A big contributor to the increase in first-time property owners seems to be the ‘Bank of Mum and Dad’, with new forecasting from Savills showing that the percentage of first-time buyer home sales with family assistance in 2021 rose to 46% with an average contribution of £56,000. Predictions show that this will continue to rise to 47% in 2023. Prices in the property market are becoming increasingly volatile, as an unbalanced supply and demand level pushing the average asking price to £360,101 – representing a £19,082 increase over the past three months. Buyer inquiries are 65% above the levels of 2019 and 53% of properties are selling at or over their final advertised asking price.

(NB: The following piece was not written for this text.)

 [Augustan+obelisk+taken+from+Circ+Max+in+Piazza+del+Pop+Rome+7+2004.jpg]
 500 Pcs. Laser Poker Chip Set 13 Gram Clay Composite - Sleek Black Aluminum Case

However, overall property sales have started to decrease for the first time since the end of the stamp duty holiday in October 2021. Completed sales in April came to 106,780 – 12% lower than the same period last year, according to HM Revenue & Customs. The latest decrease in property sales is an indicator that the housing market is starting to cool which would represent an opportunity for first-time buyers. April’s rise in prices is down on the 1.4% increase in March according to Halifax’s monthly property index. House price growth is expected to continue to slow due to the Bank of England’s decision to raise the Bank Rate to 1%.

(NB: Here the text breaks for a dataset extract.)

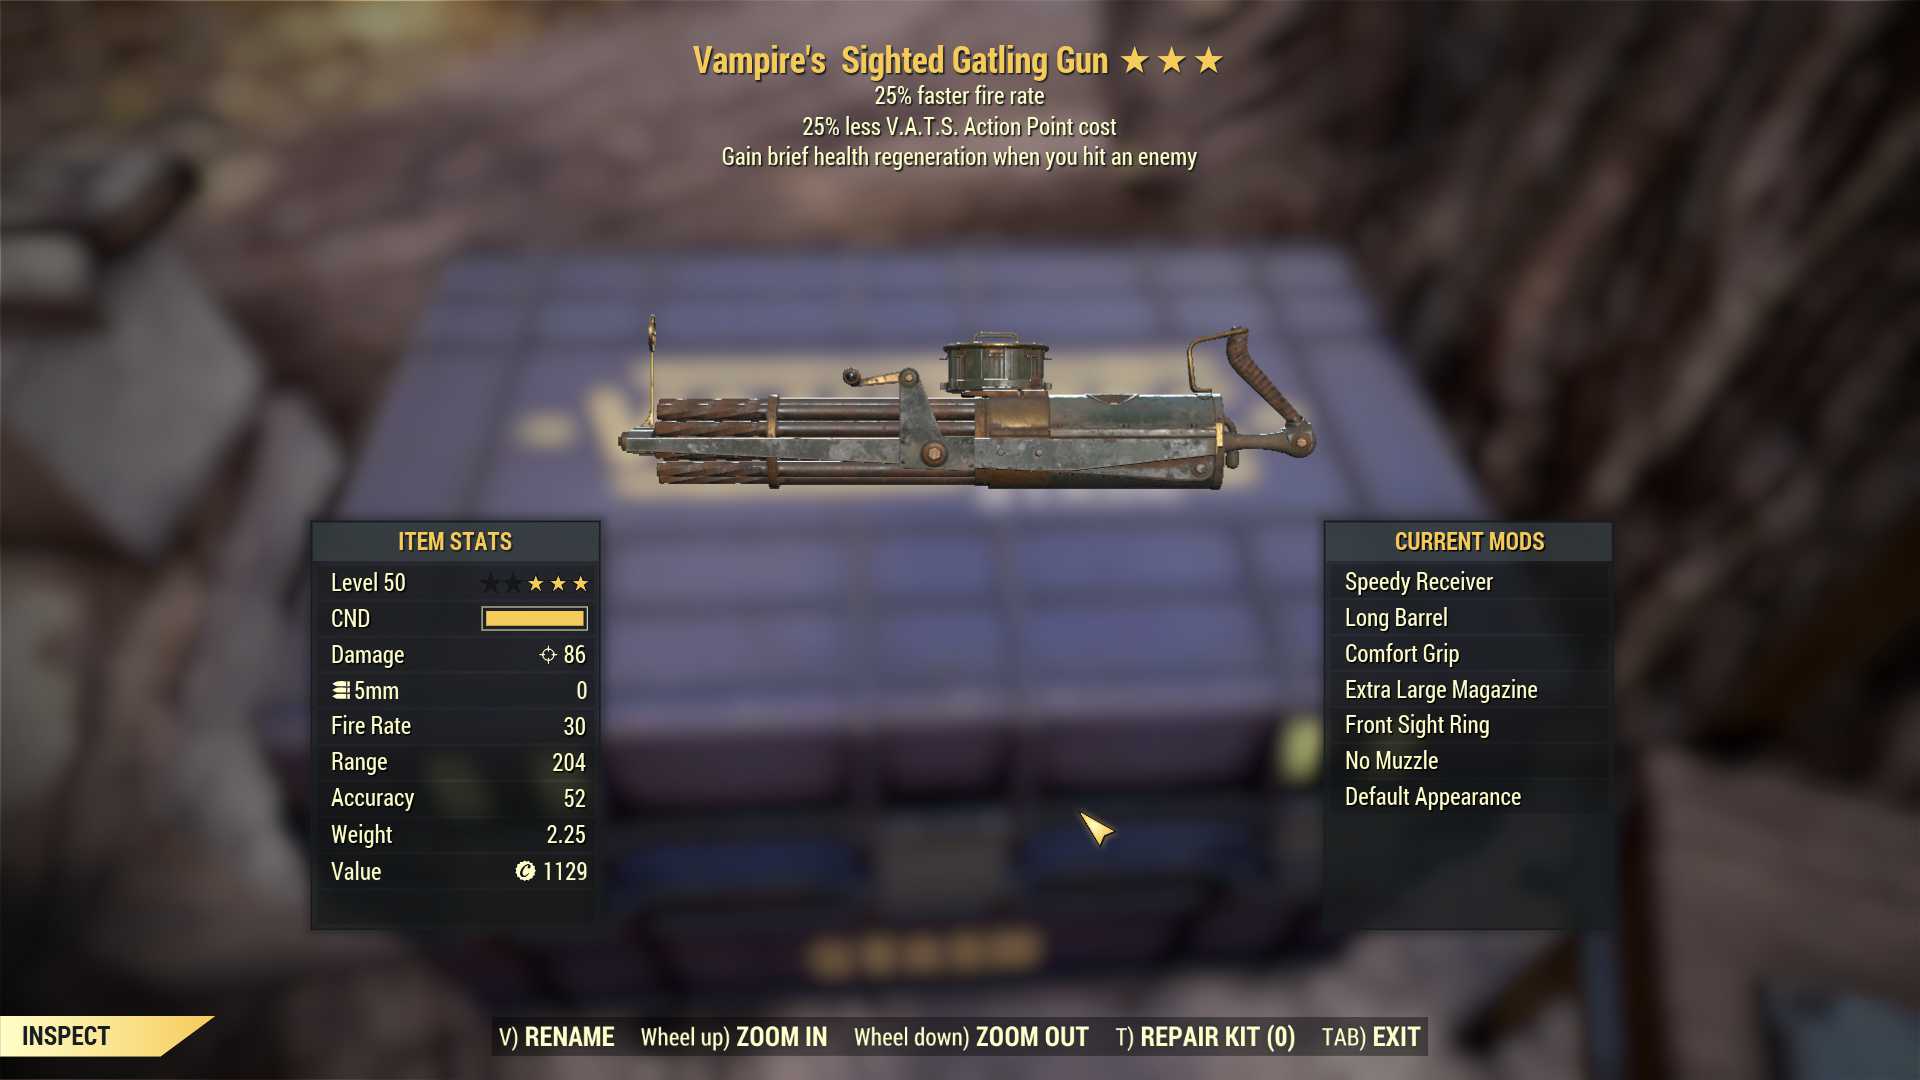 Vampire's Gatling Gun (25% faster fire rate, 25% less VATS AP cost)

David Hannah, Group Chairman at Cornerstone Tax, discusses:

“The introduction of the stamp duty holiday caused a substantial rise in first-time buyers. It’s inspiring to see that the percentage of first-time homeowners is growing in a challenging landscape. Even though house prices have continued to climb, I think we will inevitably see a slow down in the property market, but it won’t be as substantial as some people think. If we look at what has been going on – house price growth, retail inflation, energy costs surging, that’s going to put pressure on employers to raise wages. I believe wages will rise, meaning real spending power will not actually decrease as much. However, if this doesn’t happen at the required rate, the act of renting or purchasing property will become more and more unaffordable in the UK. 

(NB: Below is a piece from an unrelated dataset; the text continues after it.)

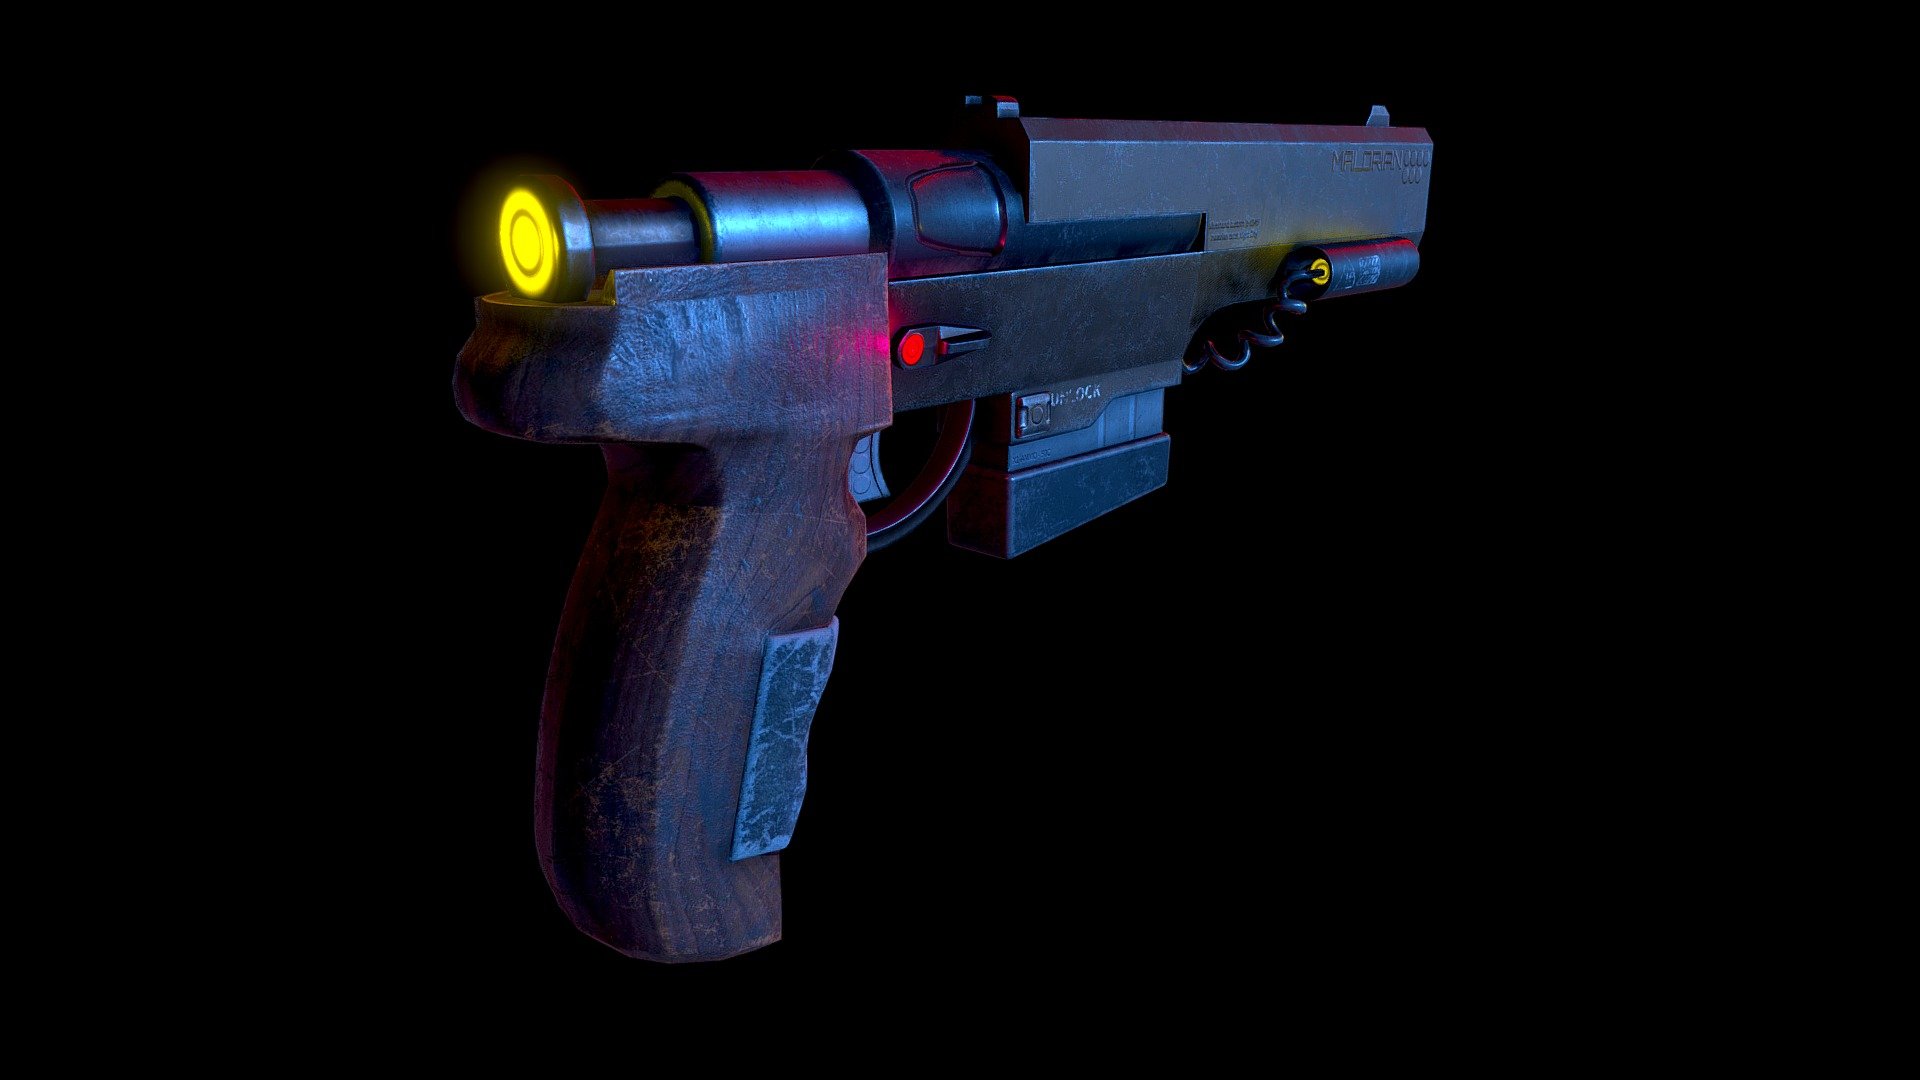 MALORIAN ARMS 2077 [ CyberPunk Gun ]

-Shooting Animation Included - MALORIAN ARMS 2077 [ CyberPunk Gun ] - Buy Royalty Free 3D model by Handrews3D 3d model

“The problem we do have is the rate of demand and supply. If builders are building and they’re over supplying, it will soften the increase and the appreciation in asset value. But, if the number of people wanting to buy houses continue to exceed the supply, then those prices are going to rise. This is exactly what is happening currently, with just 216,000 new homes being built in 2020/21, falling some way short of the government’s 300,000 a year target.
 
“We also have an open market in the UK which means not only are domestic purchasers and investors looking to buy but we have inbound investors. We also have quite a number of people relocating to the UK. Overall, I expect demand for UK housing to continue to outstrip supply – pushing price increases ahead of inflation and provided wages are increased, the affordability of housing will stay in lockstep.”